**Problem description**: Output the full listing exactly as written, with no pictures in it.

**Data excerpt**:
------------
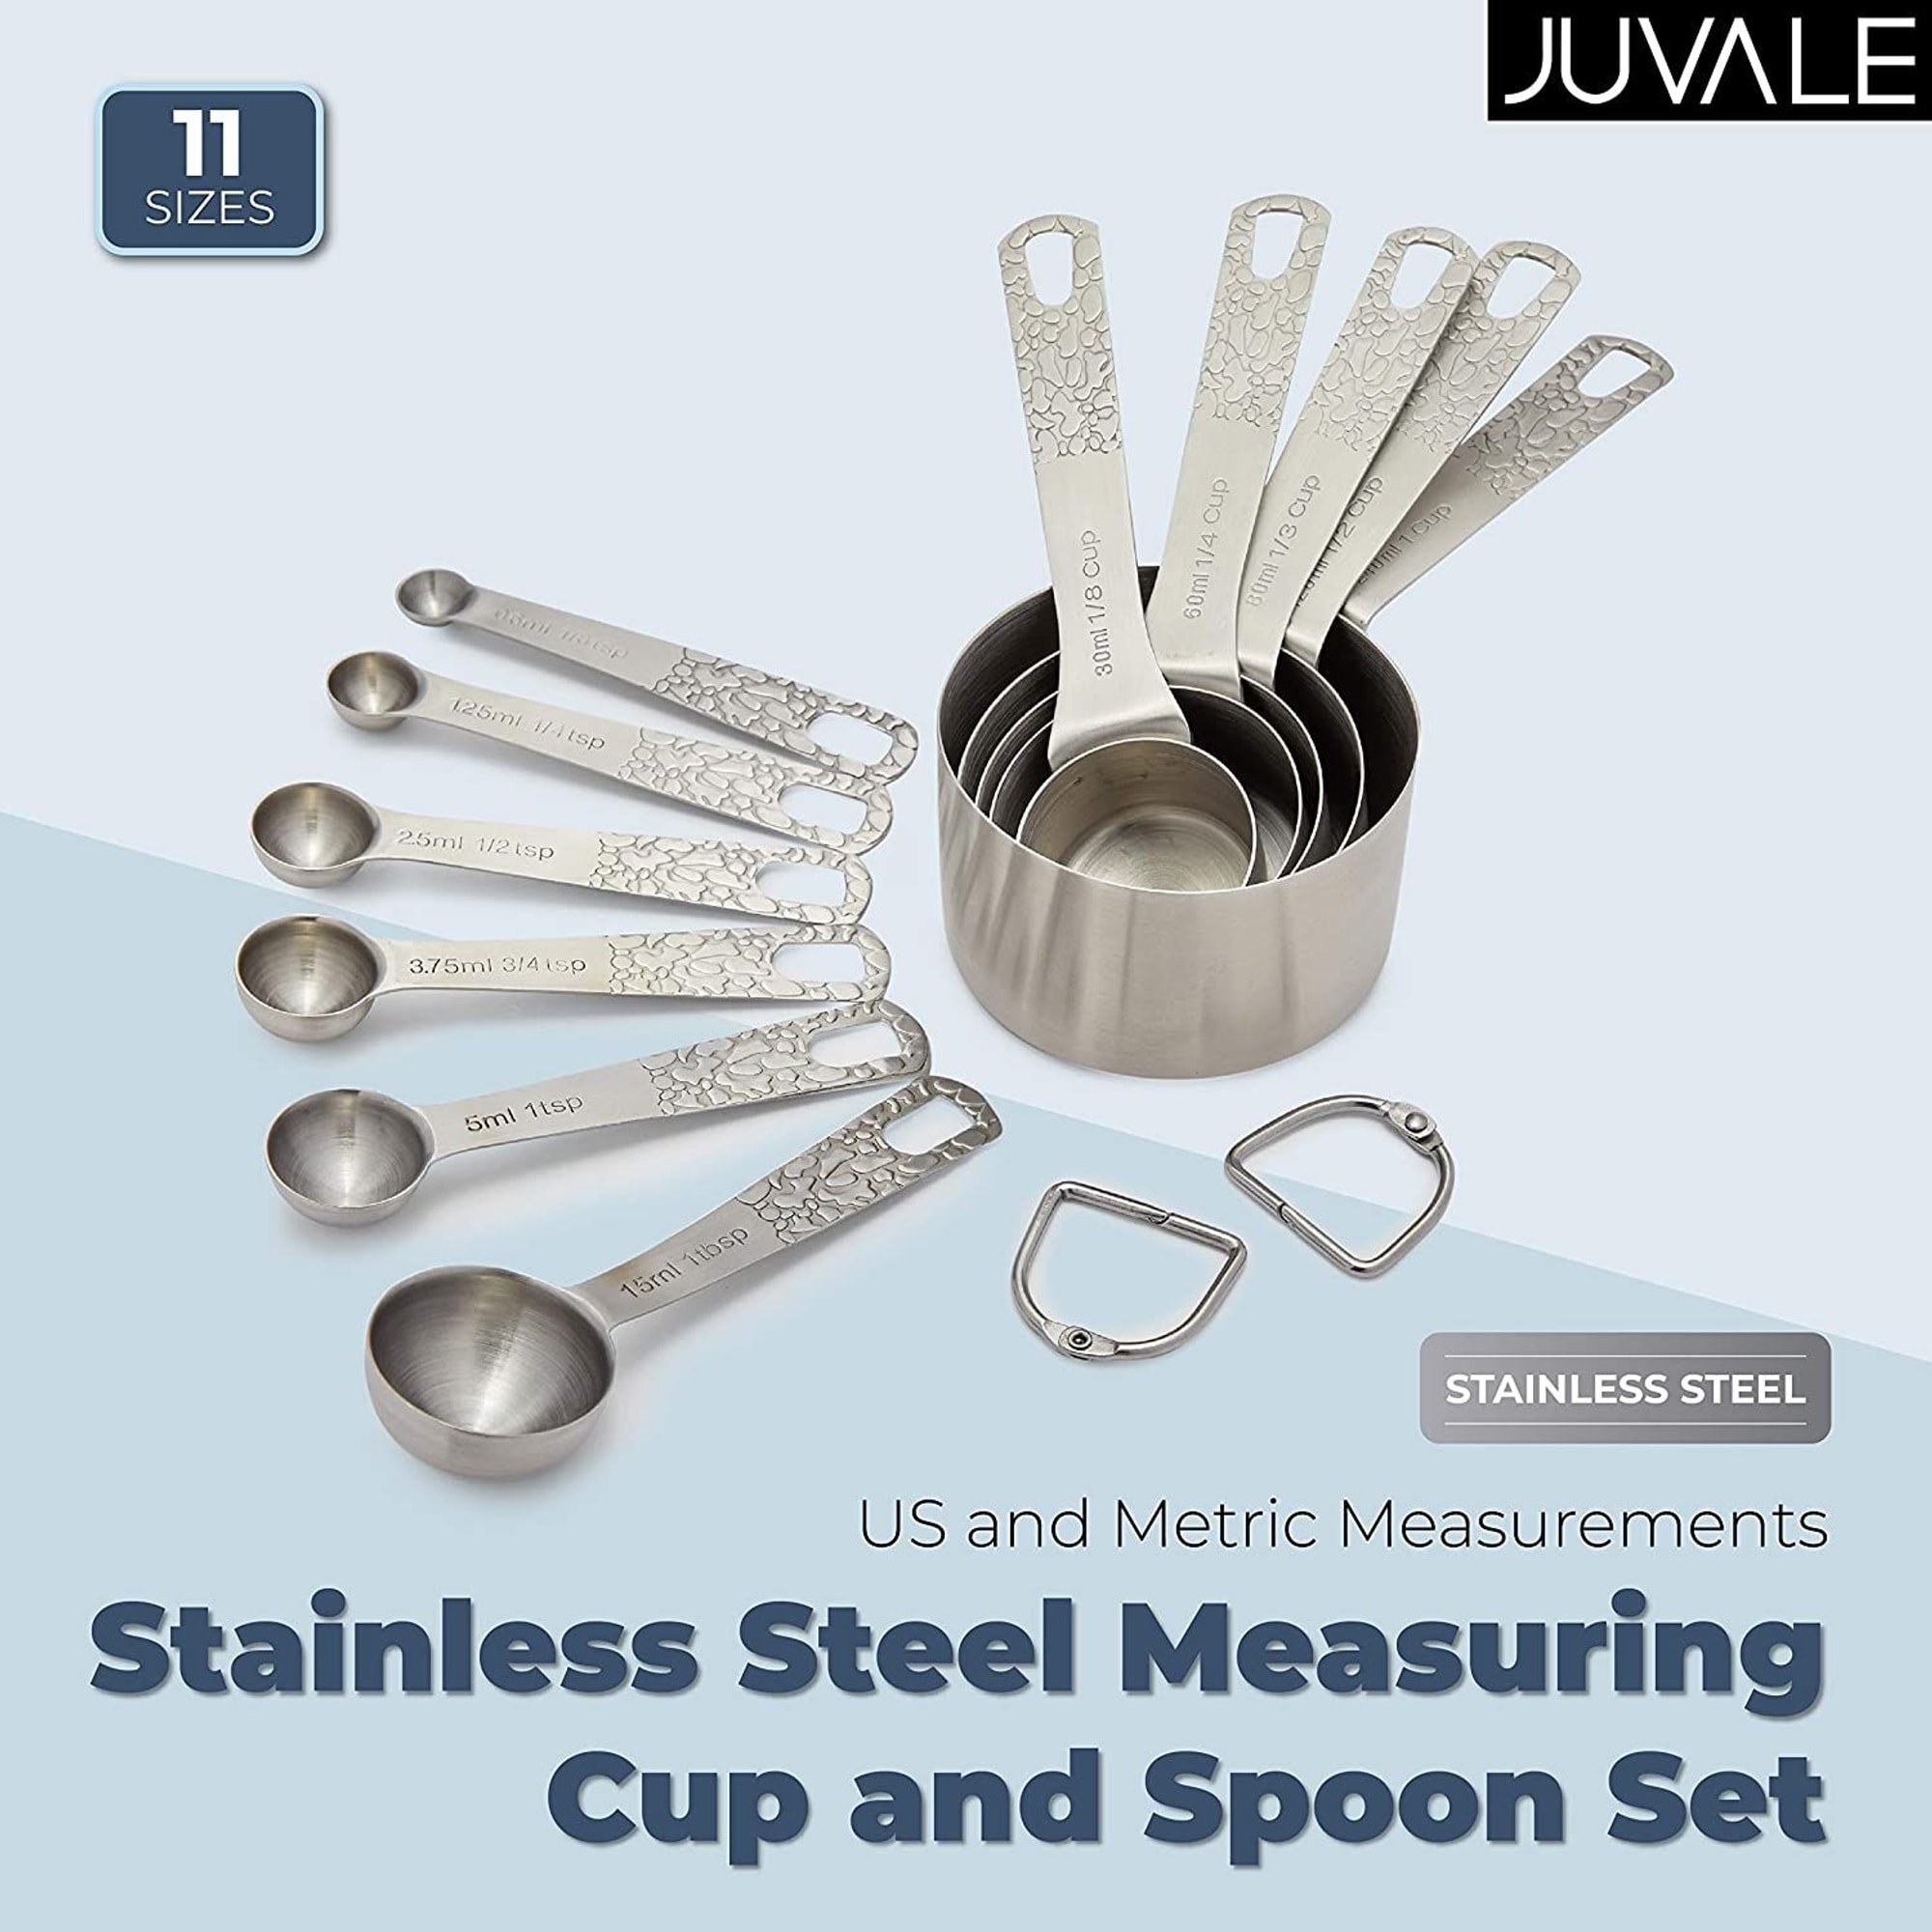 Measuring Cups and Spoons - Bed Bath & Beyond
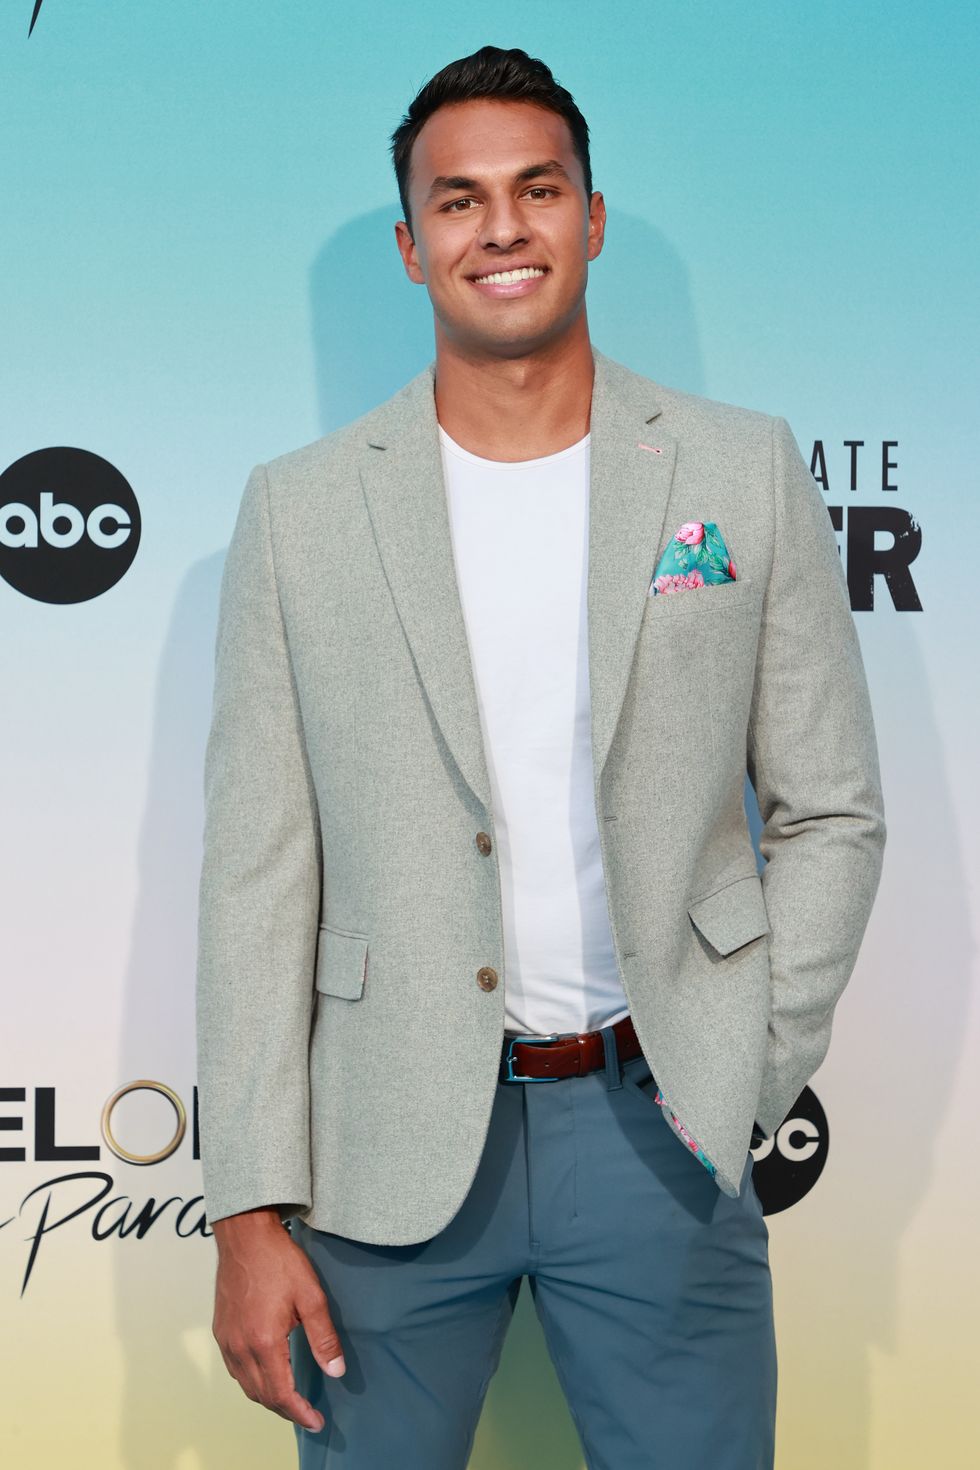 abc's "bachelor in paradise" and "the ultimate surfer" premiere
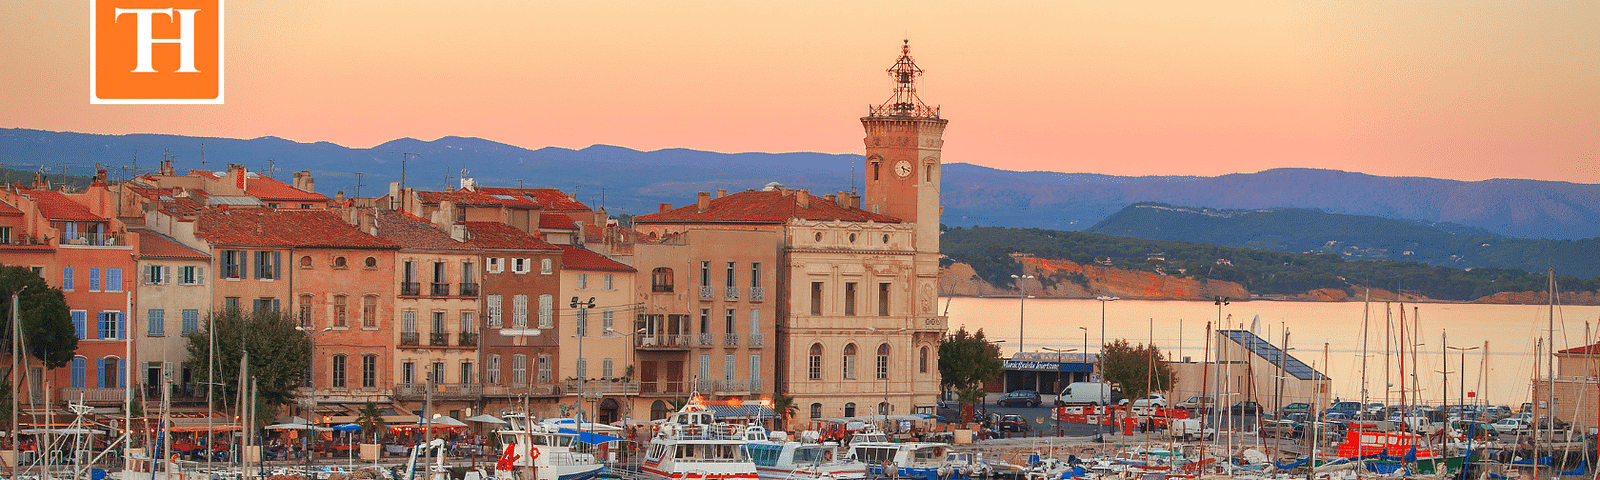 The Best Places to Explore in La Ciotat on the French Riviera in the Provence-Alpes-Côte d’Azur region in southern France.
------------
**Written response**:
 Measuring Cups and Spoons - Bed Bath & Beyond
 abc's "bachelor in paradise" and "the ultimate surfer" premiere
 The Best Places to Explore in La Ciotat on the French Riviera in the Provence-Alpes-Côte d’Azur region in southern France.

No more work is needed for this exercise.